Cachorro-quente do Parque

Sabores da vida, a identidade como prova de momentos maravilhosos, e a história de um cachorro-quente – chef Carlos Ribeiro

cachorroquente

Tive o privilégio de participar da VIII Semana de Gastronomia da UNIT e de ouvir uma história contada pela chef Adriana Hagenbeck, sergipana da gema, que durante sua infância frequentava regularmente o Parque, conhecido como Praça Teófilo Dantas, para comer um delicioso e diferente cachorro-quente à moda sergipana – ou melhor, à moda do Sr. João, isso em 1975.

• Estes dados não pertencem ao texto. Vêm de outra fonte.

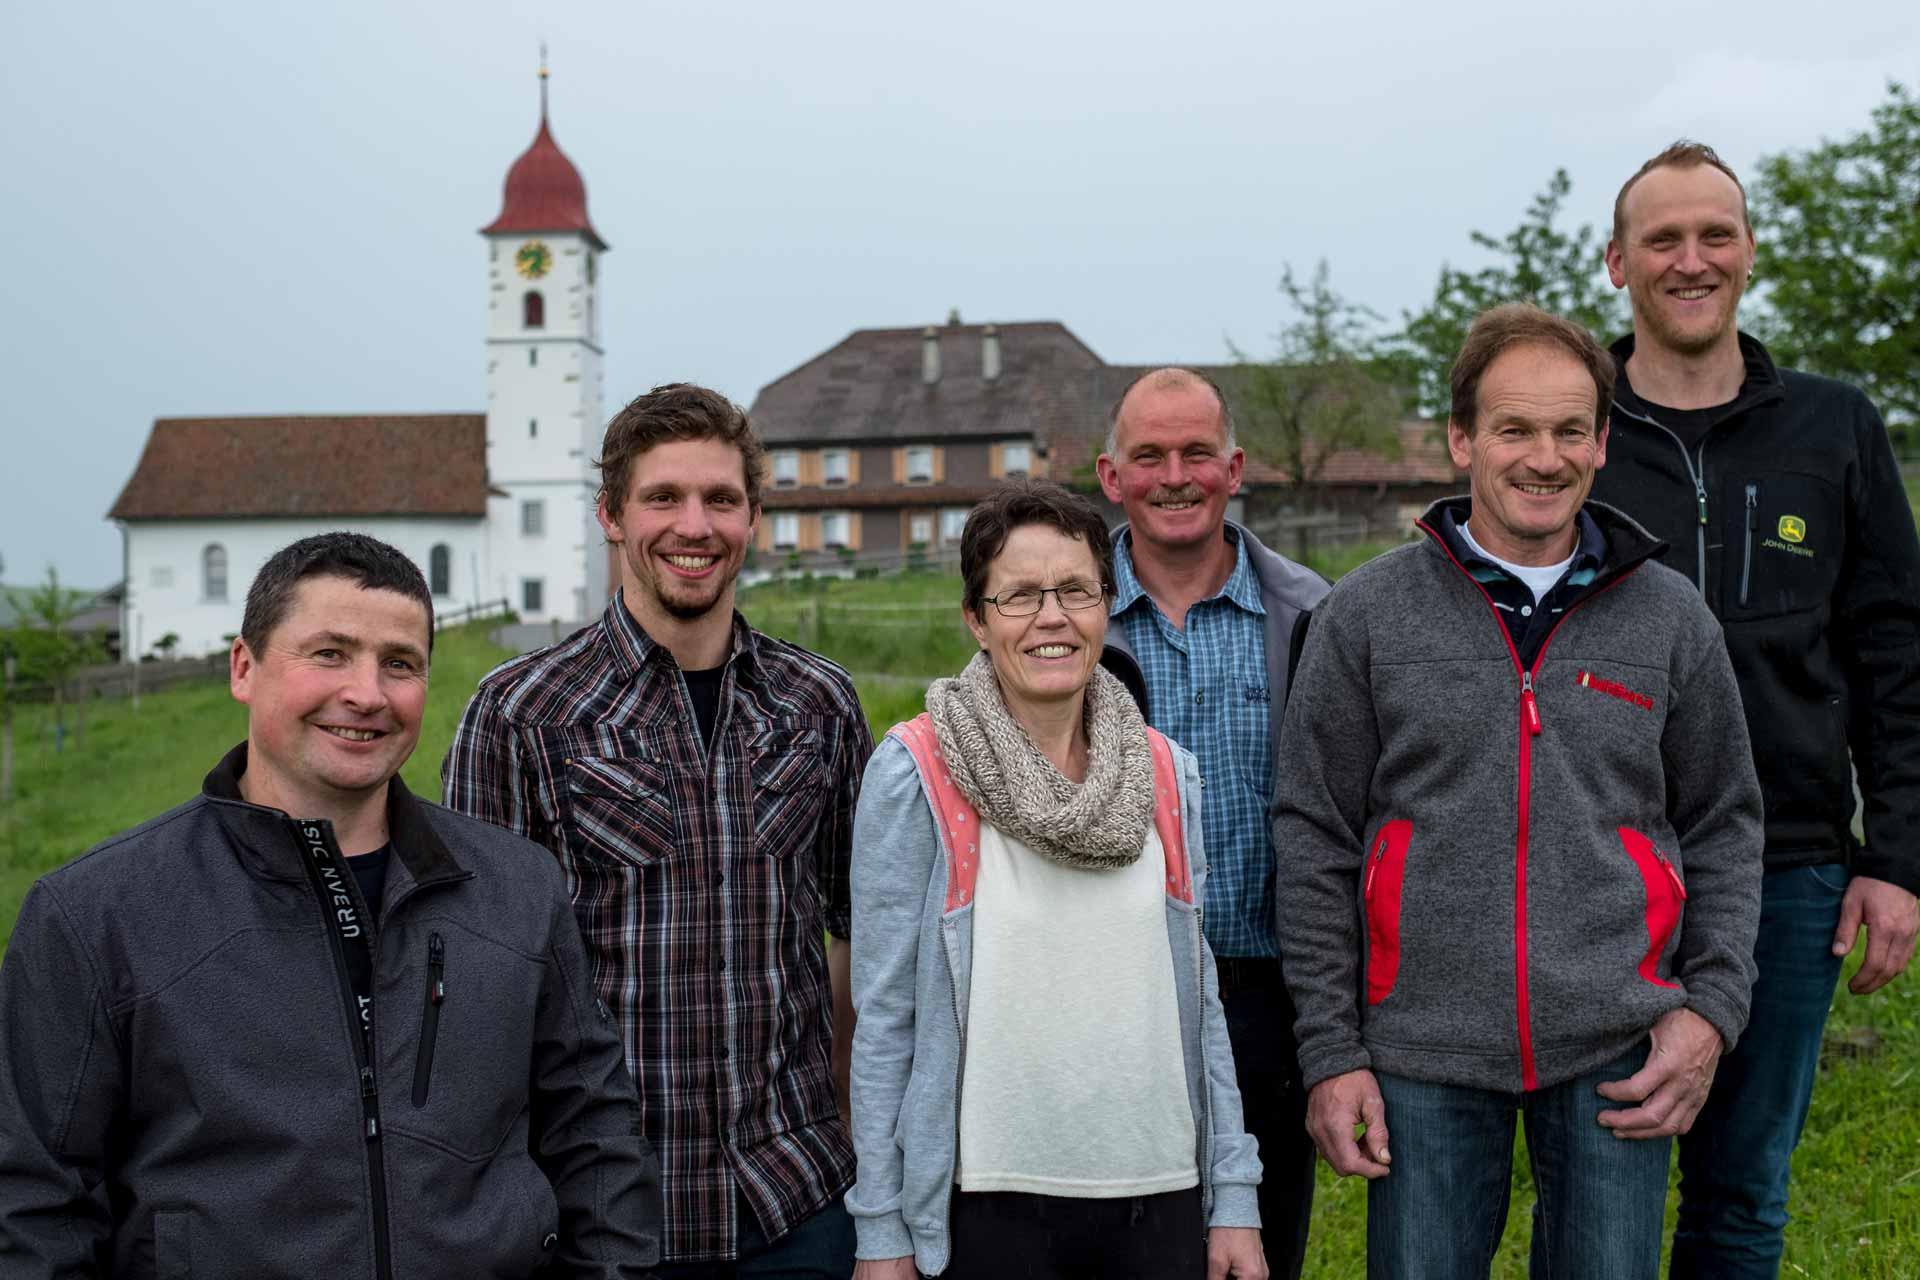 Der Vorstand der Kapellengenossenschaft Krumbach mit (von links) Bruno Koch, Daniel Muff, Silvia Furrer, Hanspeter Wyss, Hans Holzmann (Präsident) und Stefan Arnold. | © 2021 Gregor Gander

O cachorro-quente tinha algumas peculiaridades como a carne moída em molho de tomates, que não ficava muito ensopado nem muito seco, e por cima era finalizado com alface cortada em tirinhas. E ainda tinha o atendimento do Sr. João, que não gostava de clientes que pediam para mudar a montagem, do tipo: “pode tirar a alface?”, daí ele colocava mais (adoro esse tipo de pedido, adoro o método do Sr. João). Outro detalhe era o pão, chamado de jacó, semelhante a uma baguete.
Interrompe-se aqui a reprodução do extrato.